Institute of Hotel Management, Guwahati
- Motto: Where Dreams of Hospitality Take Flight
- Type: Hospitality Management School
- Established: 1984 (42 years ago)
- Affiliations: National Council for Hotel Management and Catering Technology
- Principal: Dr. Amitabh Dey
- Location: 26°09′42″N 91°46′14″E﻿ / ﻿26.161712°N 91.770546°E
- Campus: near Senco Jewellers, Bhangagarh, Opposite Rajib Bhawan, Guwahati – 781005, Guwahati Assam;
- Website: www.ihmctanghy.org.in

= Institute of Hotel Management, Guwahati =

The Institute of Hotel Management, Catering Technology and Applied Nutrition, Guwahati is an educational institution for training students in hotel management, catering technology, food service, and allied subjects, located in Guwahati, the capital of Assam, India. The institute was established by the Ministry of Tourism, Government of India, in 1984 as a Food Craft Institute. It was later upgraded to an Institute of Hotel Management in 1995 and is affiliated with the National Council for Hotel Management and Catering Technology.

The institute is located in the heart of the city at AIDC Campus, Bhangagarh, near Senco Jewellers and opposite Rajiv Bhawan in Guwahati, Assam – 781005.

== History ==
The institute was established in 1984 as a Food Craft Institute by the Ministry of Tourism, Government of India, with the objective of providing skilled manpower to the hospitality and tourism industry. In 1995, the institute was upgraded to an Institute of Hotel Management, expanding its academic programmes and training facilities.

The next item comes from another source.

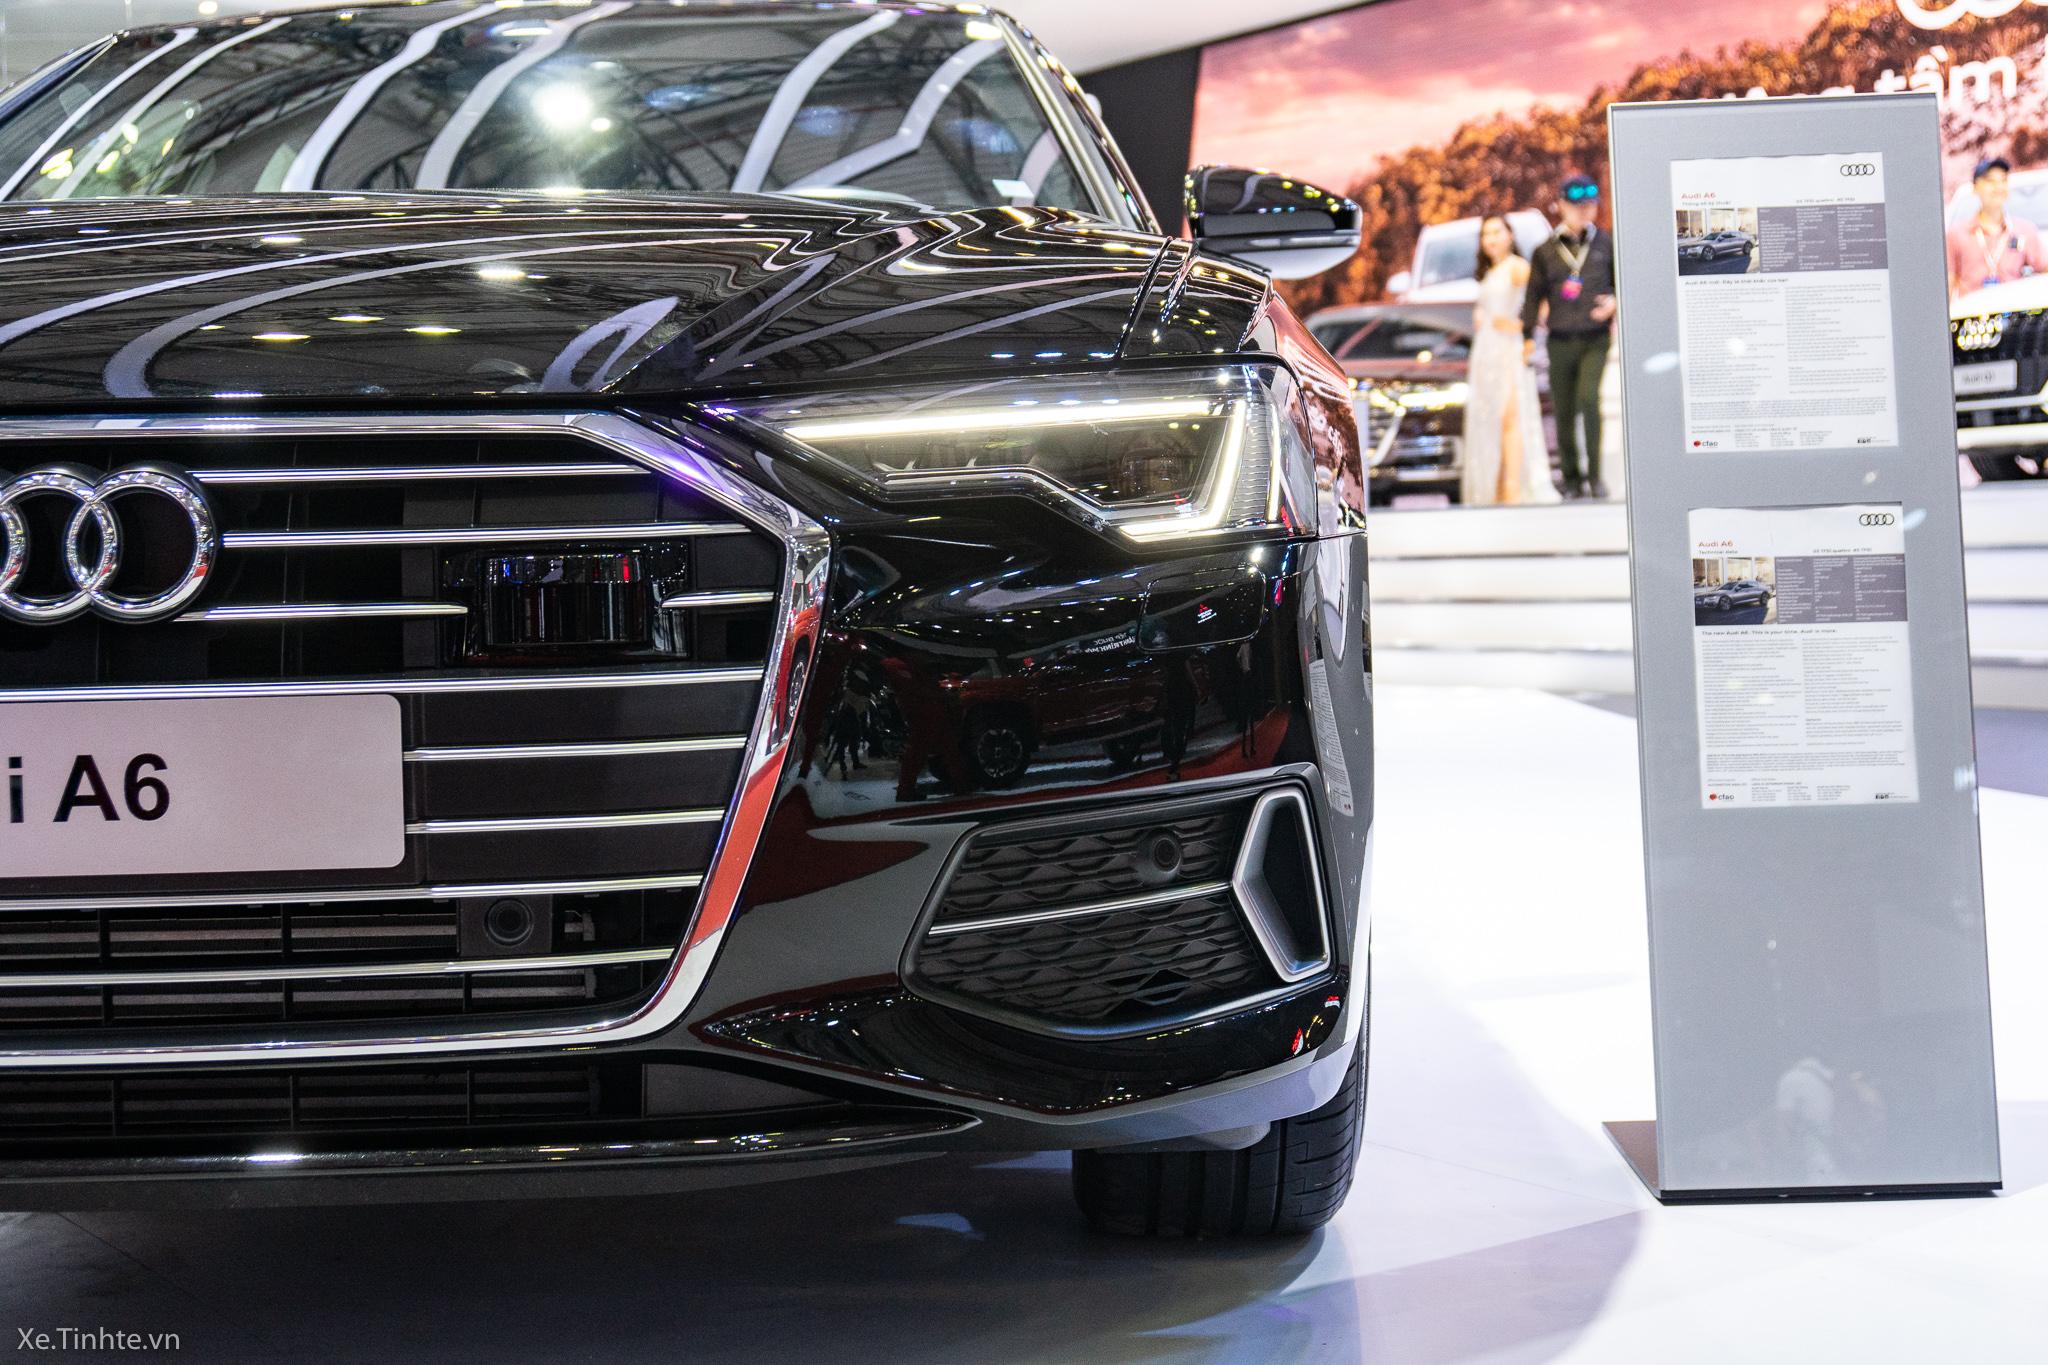 VMS19_Audi_A6-05826.jpg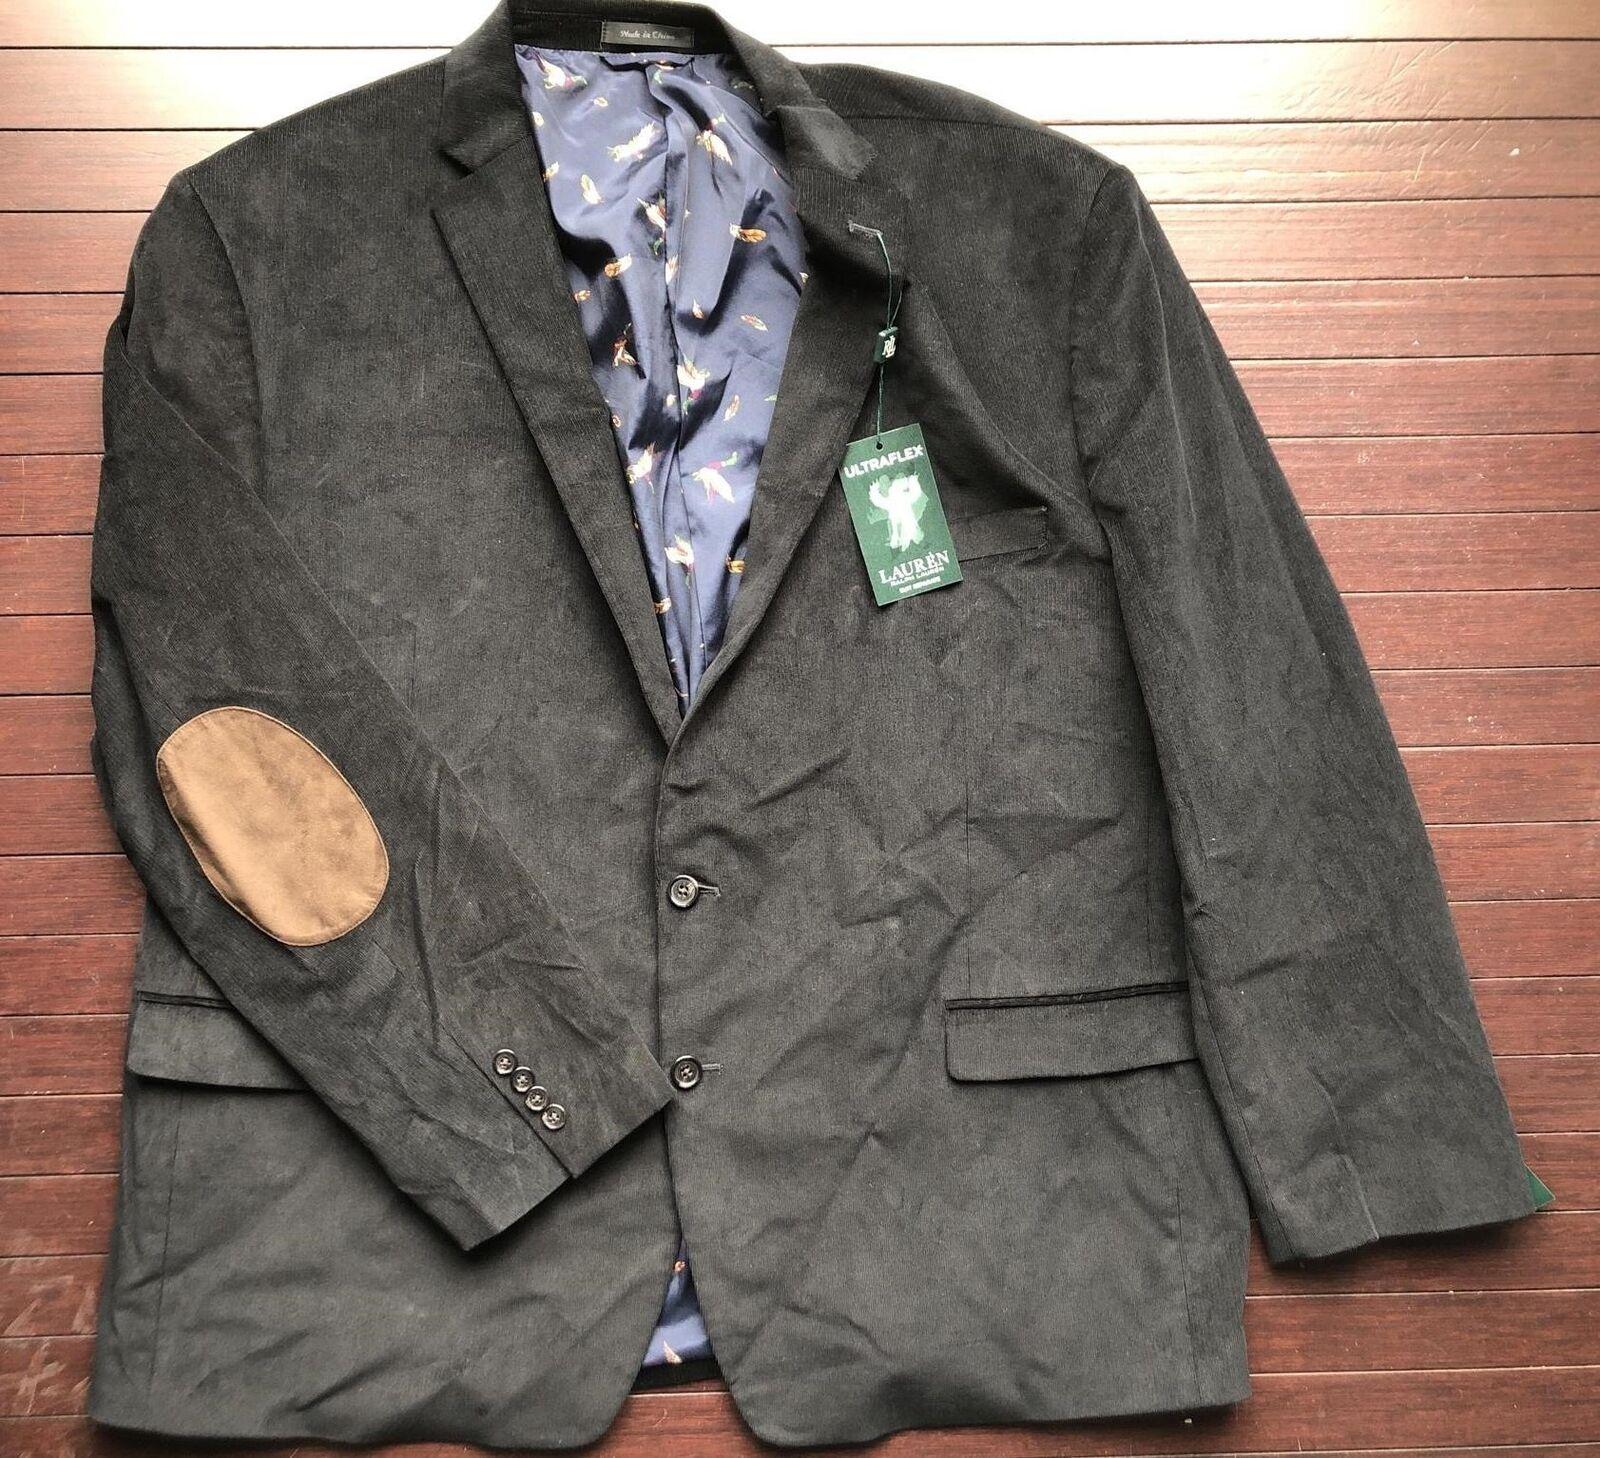 Polo Ralph Lauren Stretch Ultra Flex Sport Corduroy Coat Mens Size 56L New

In 2006, the institute moved to its permanent campus at Barbari, Guwahati. In 2025–26, the institute relocated back to its earlier premises at AIDC Campus, Bhangagarh, following government directives related to the Silsako wetland area. The institute currently continues its academic and training activities from the AIDC Campus in Guwahati.

== Academic programmes ==
The institute offers undergraduate, postgraduate, diploma, and certificate programmes in the field of hospitality education and training. The courses offered include B.Sc. in Hospitality and Hotel Administration, M.Sc. in Hospitality Administration, Craftsmanship Certificate Course in Food Production and Patisserie, Post Graduate Diploma in Accommodation Operations and Management, and Diploma courses in Bakery, Front Office, Housekeeping, Food and Beverage Service, and Bartending.

The B.Sc. in Hospitality and Hotel Administration and M.Sc. in Hospitality Administration programmes are conducted in affiliation with the National Council for Hotel Management and Catering Technology, with the degree awarded by Jawaharlal Nehru University, New Delhi.

== Campus ==
The institute currently operates from its premises at AIDC Campus, Bhangagarh in Guwahati, Assam. The campus includes academic classrooms and practical training facilities designed for hospitality education. These include training kitchens, bakery and confectionery laboratories, a training restaurant, front office laboratory, housekeeping laboratory, computer laboratory, library, and a multipurpose hall (MP Hall), along with other instructional spaces used for practical learning and skill development in hospitality and hotel management.

== Training and placements ==
The institute facilitates campus recruitment and industry training opportunities for its students through collaborations with organizations from the hospitality and service sectors. In recent years, the institute has reported 100% placement for eligible students over the last four consecutive years.

Graduates of the institute find employment in sectors such as the hotel industry, airlines, cruise lines, quick service restaurants, retail management, and facility management. The programmes also provide a foundation for entrepreneurship and opportunities for higher education in hospitality and related fields.

Industry training forms an integral part of the academic curriculum of the institute. Students undergo industrial training in hotels and hospitality establishments to gain practical exposure to operations and service standards within the hospitality industry. This training enables students to apply classroom learning in real-world environments and develop professional skills required for careers in hospitality and related service sectors.

== Affiliation ==
The institute is affiliated with the National Council for Hotel Management and Catering Technology (NCHMCT), an autonomous body under the Ministry of Tourism, Government of India, which coordinates hospitality education and training across India.